Obama & Biden

I haven’t blogged the primaries, mainly because so many other first-class bloggers have been doing that job very well. In a few more days, however, John McCain and Sarah Palin will become the official nominees of the Republican Party and the battle will be joined in earnest.

In the absence of a coup or massive vote theft, Barak Obama and Joe Biden will be president and vice-president of the United States come next January 20.

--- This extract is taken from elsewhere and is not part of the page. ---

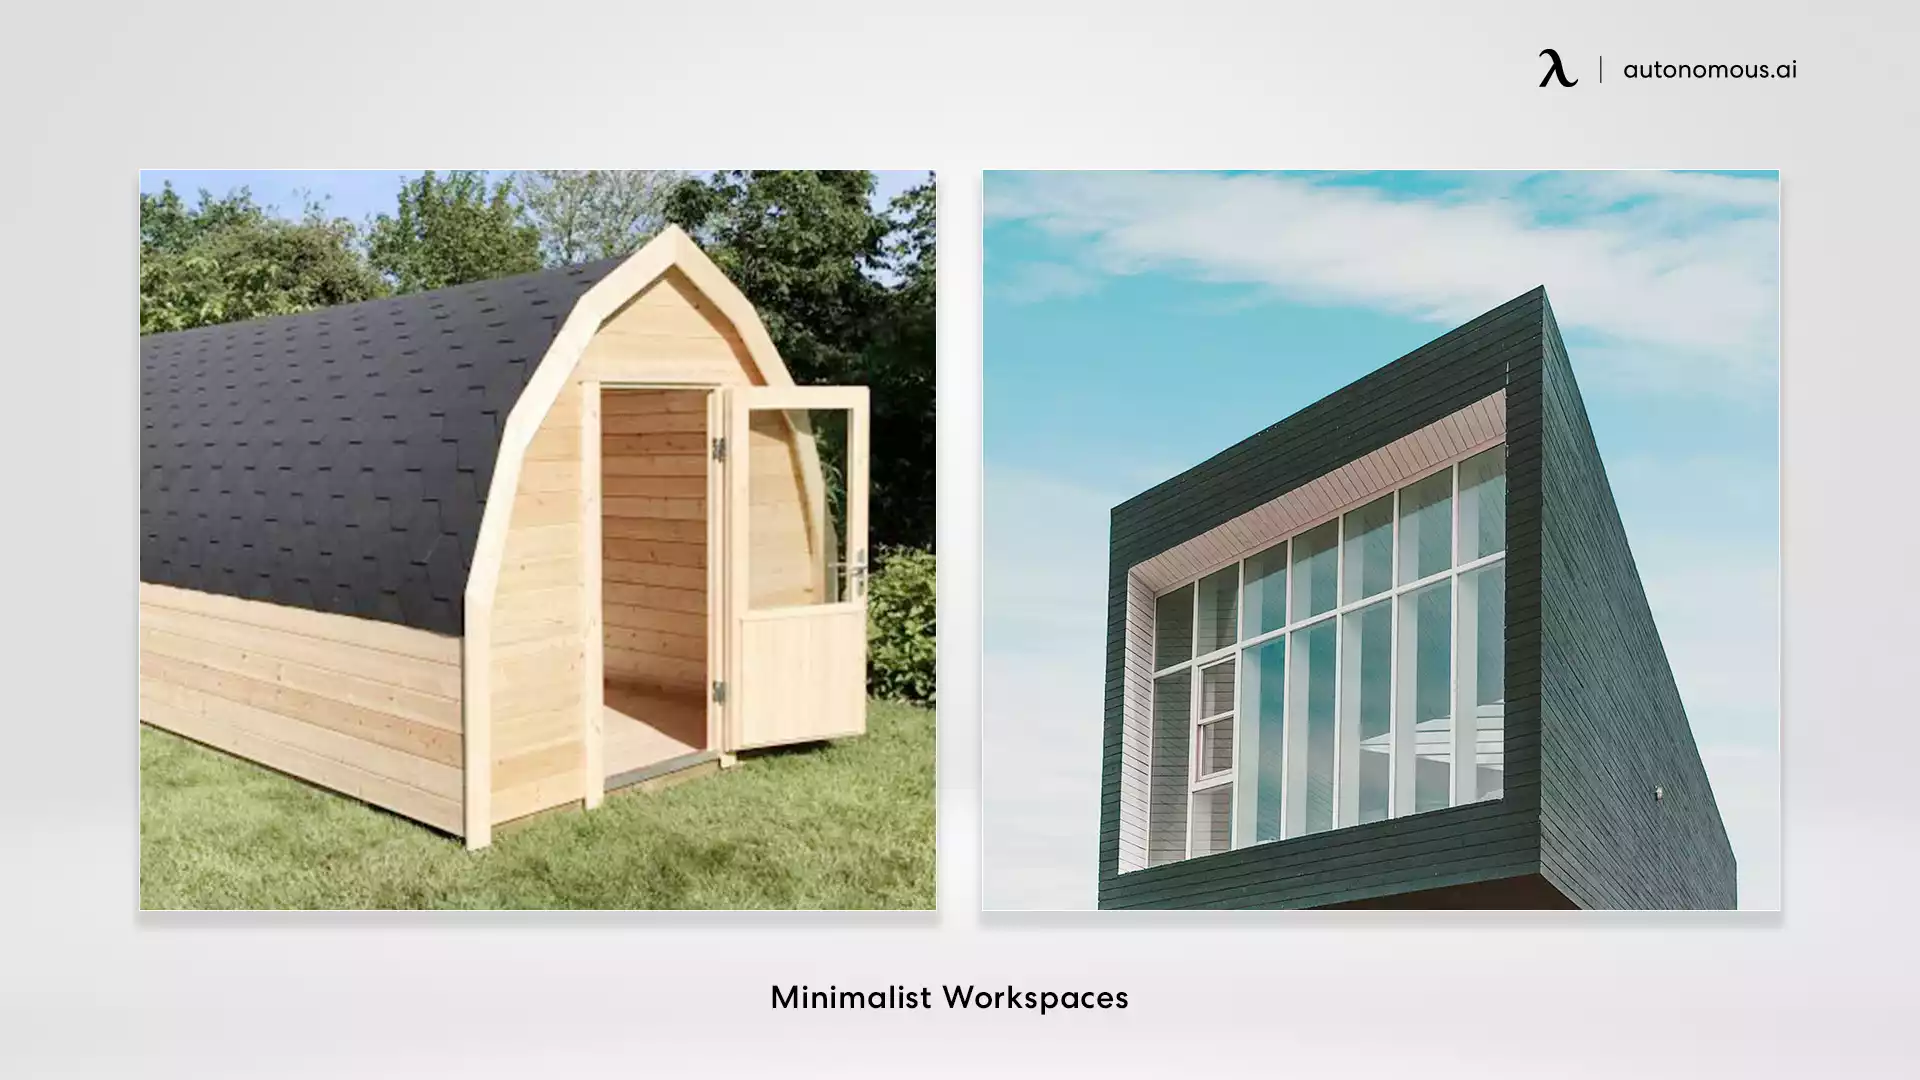 Minimalist Workspaces garden office ideas

I’ve always felt that Biden had many good qualities, but I have been concerned for many years at his support of U.S. imperialism in South America (and yes, imperialism in exactly the correct word for a century of military and economic support of right-wing dictators friendly to U.S. business interests). He supported the corrupt and oppressive bankruptcy act that, while allowing millionaires to discharge their debts, forces middle class debtors into Chapter 13 plans, keeping them in bondage to credit card companies for as long as 5 years.

Given the realities, however, Biden is as good a running mate as Obama could have gotten. Biden is the ultimate insider and his senate seat is not in danger of falling to a Republican when he leaves. Besides, given Obama’s relative youth and good health, Biden is very unlikely to become president in the next 4 or even 8 years.

McCain, in announcing his choice of Sarah Palin as running mate, certainly managed to upstage Obama the day after the close of the Democratic convention, but I think he will pay a heavy price for it. The closest I can come to a similar choice was George H. W. Bush’s choosing
Dan Quayle or perhaps Ronald Reagan’s choosing Richard Schweiker as his running mate in his attempt to unseat Gerald Ford as the incumbent in 1986. Palin has virtually no qualifications to be president, and preliminary reports on her background reflect very little interest on her part in Federal governance prior to McCain’s inviting her to be his running mate.

It is hard to believe that McCain is even serious about running for president, having chosen a running mate with such patently obvious limitations.

But I thought Ronald Reagan’s limitations were obvious. Boy, was I mistaken!